SoC uses computing-in-memory for speech processing at the edge
Computing-in-memory technology is poised to eliminate the massive data communications bottlenecks associated with AI speech processing at the network’s edge, said Witinmen. The company has worked with Microchip Technology’s subsidiary Silicon Storage Technology (SST) to develop an embedded memory that simultaneously performs neural network computation and stores weights. Microchip Technology announced that its SuperFlash memBrain neuromorphic memory has been combined with the Witinmem neural processing SoC. The SoC is claimed to be the first in volume production that enables sub-mA systems to reduce speech noise and recognise hundreds of command words, in real time and immediately after power-up.
Microchip has worked with Witinmem to incorporate Microchip’s memBrain analogue in-memory computing, based on SuperFlash technology, into Witinmem’s low-power SoC. The SoC features computing-in-memory technology for neural networks processing including speech recognition, voice-print recognition, deep speech noise reduction, scene detection, and health status monitoring. Witinmem is working with multiple customers to bring products to market during 2022 based on this SoC.
“Witinmem is breaking new ground with Microchip’s memBrain solution for addressing the compute-intensive requirements of real time AI speech at the network edge based on advanced neural network models,” said Shaodi Wang, CEO of Witinmem. “We were the first to develop a computing-in-memory chip for audio in 2019, and now we have achieved another milestone with volume production of this technology in our ultra-low-power neural processing SoC that streamlines and improves speech processing performance in intelligent voice and health products.”
Microchip’s memBrain neuromorphic memory is optimised to perform vector matrix multiplication (VMM) for neural networks.
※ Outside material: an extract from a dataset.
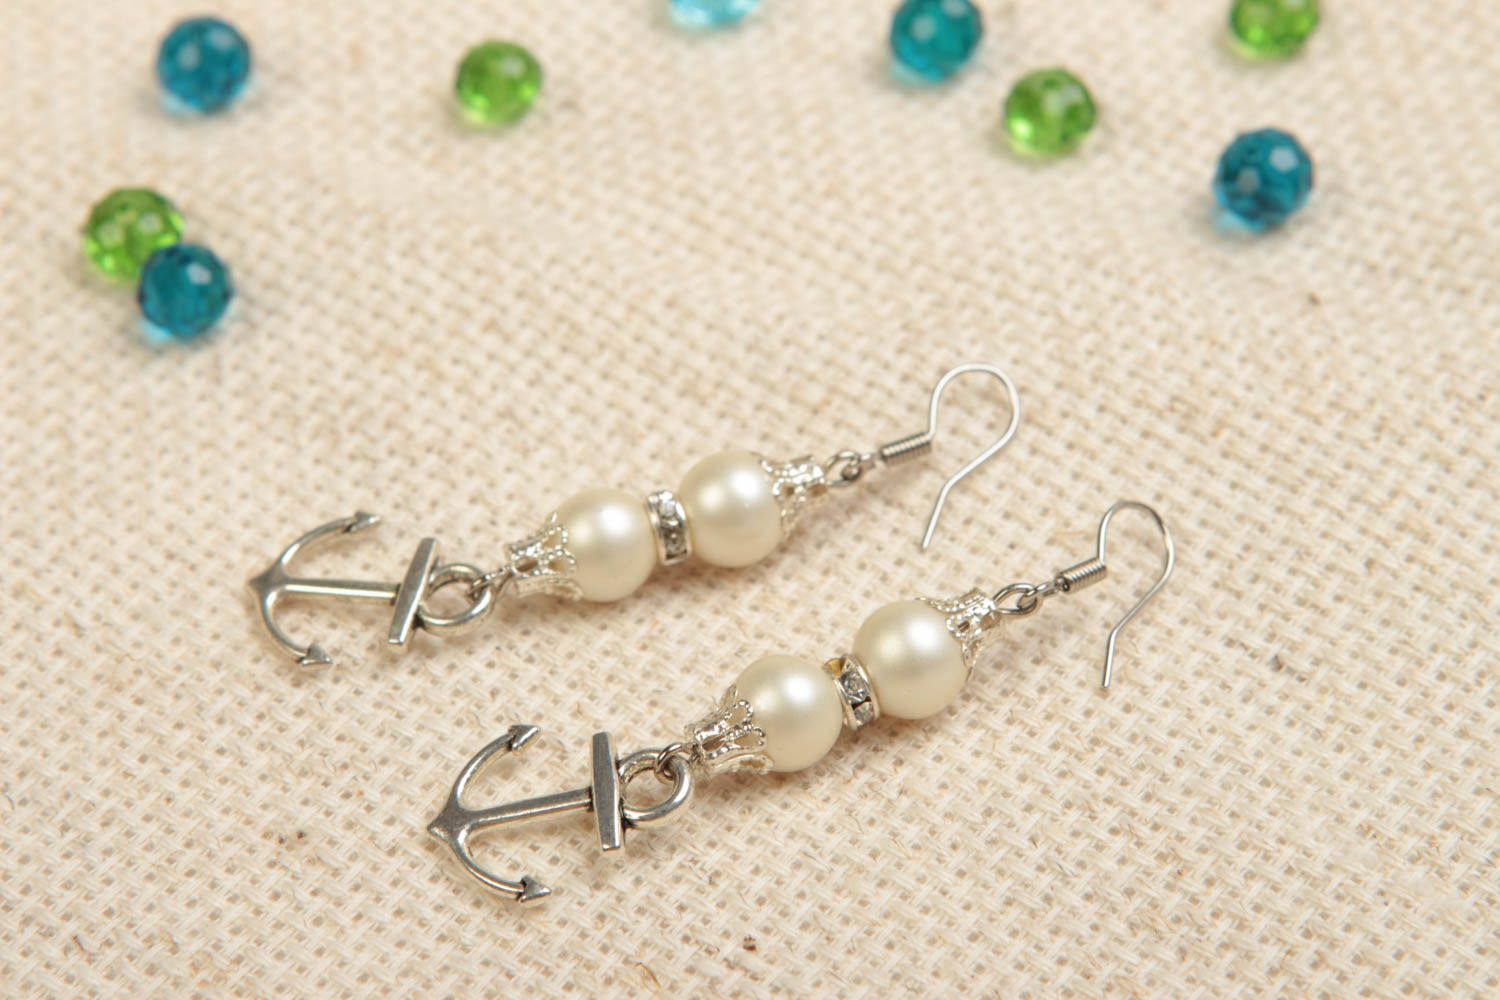 Handcrafted metal earrings with pearl beads designer jewelry gifts for her photo 1
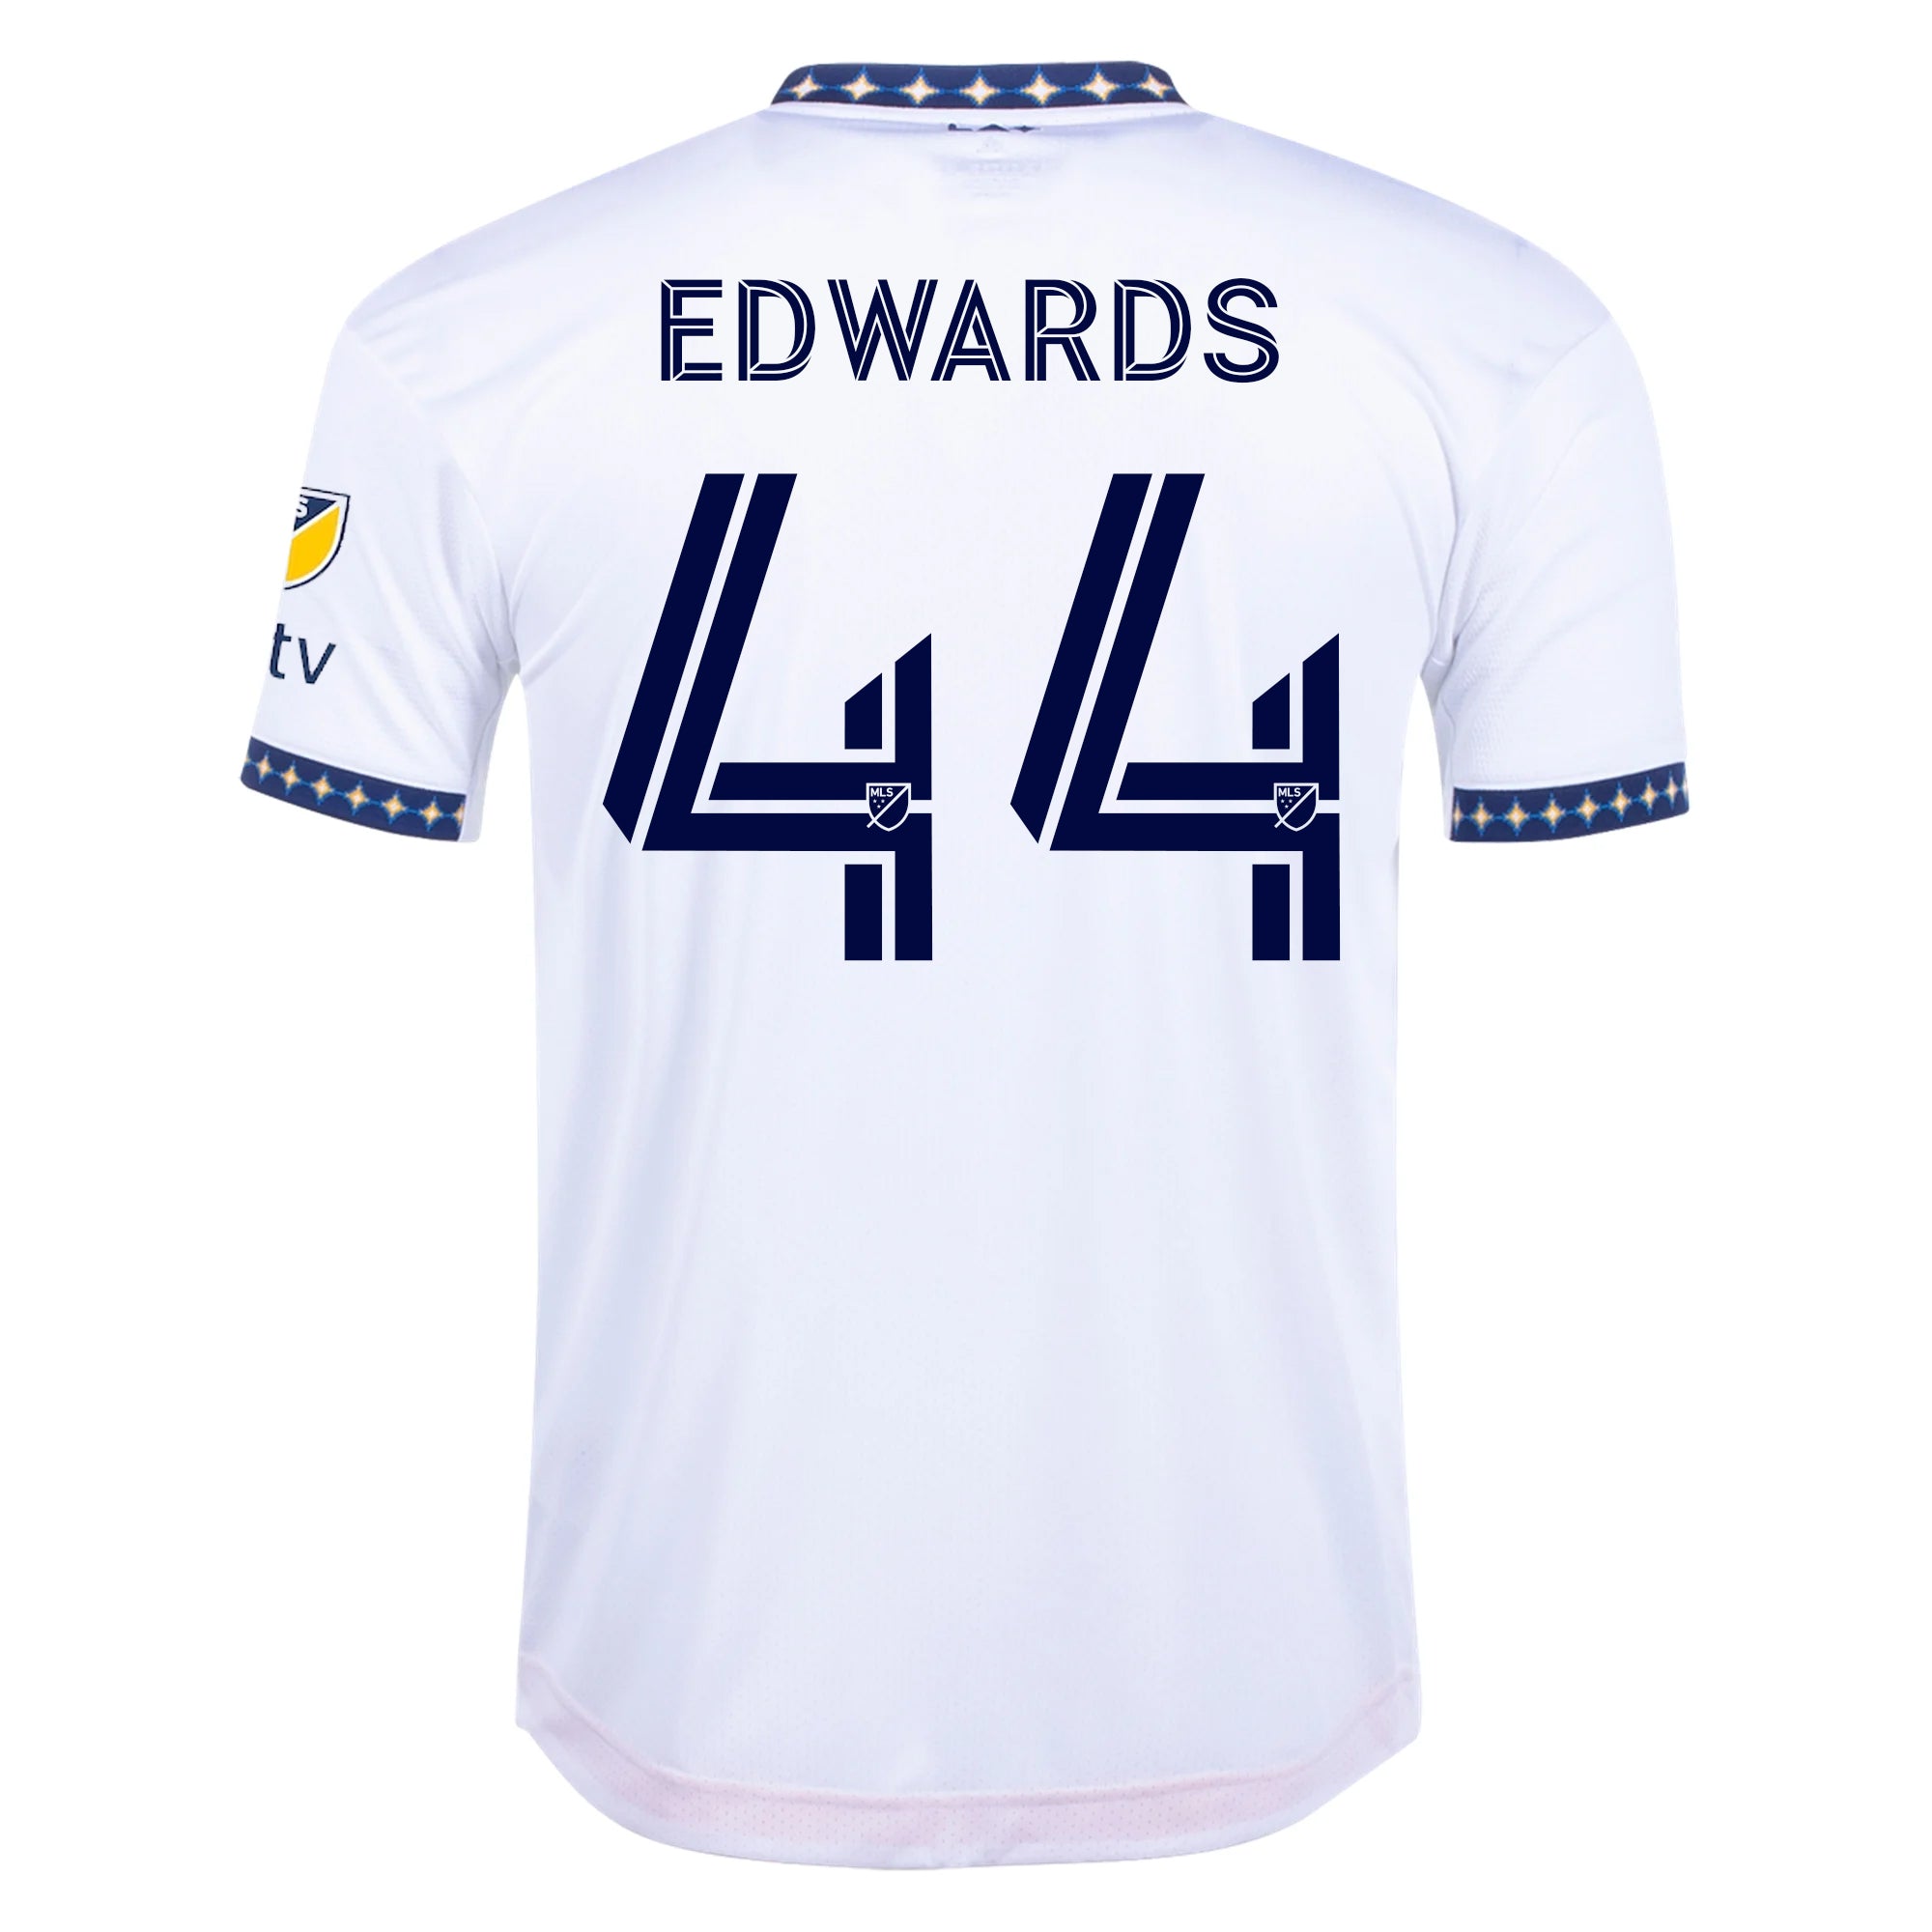 Adidas Edwards La Galaxy Home Authentic Jersey 22/23 w/ MLS Patches (White) Size XL

It enables processors used in battery-powered and deeply-embedded edge devices to deliver the highest possible AI inference performance per Watt. This is accomplished by both storing the neural model weights as values in the memory array and using the memory array as the neural compute element. The result is 10 to 20 times lower power consumption than alternative approaches, claims Microchip, and a lower overall processor bill of materials (BoM) costs because external DRAM and NOR are not required.
Permanently storing neural models inside the memBrain’s processing element also supports instant-on functionality for real time neural network processing. Witinmem has leveraged SuperFlash technology’s floating gate cells’ non-volatility to power down its computing-in-memory macros during the idle state to further reduce leakage power in demanding IoT use cases.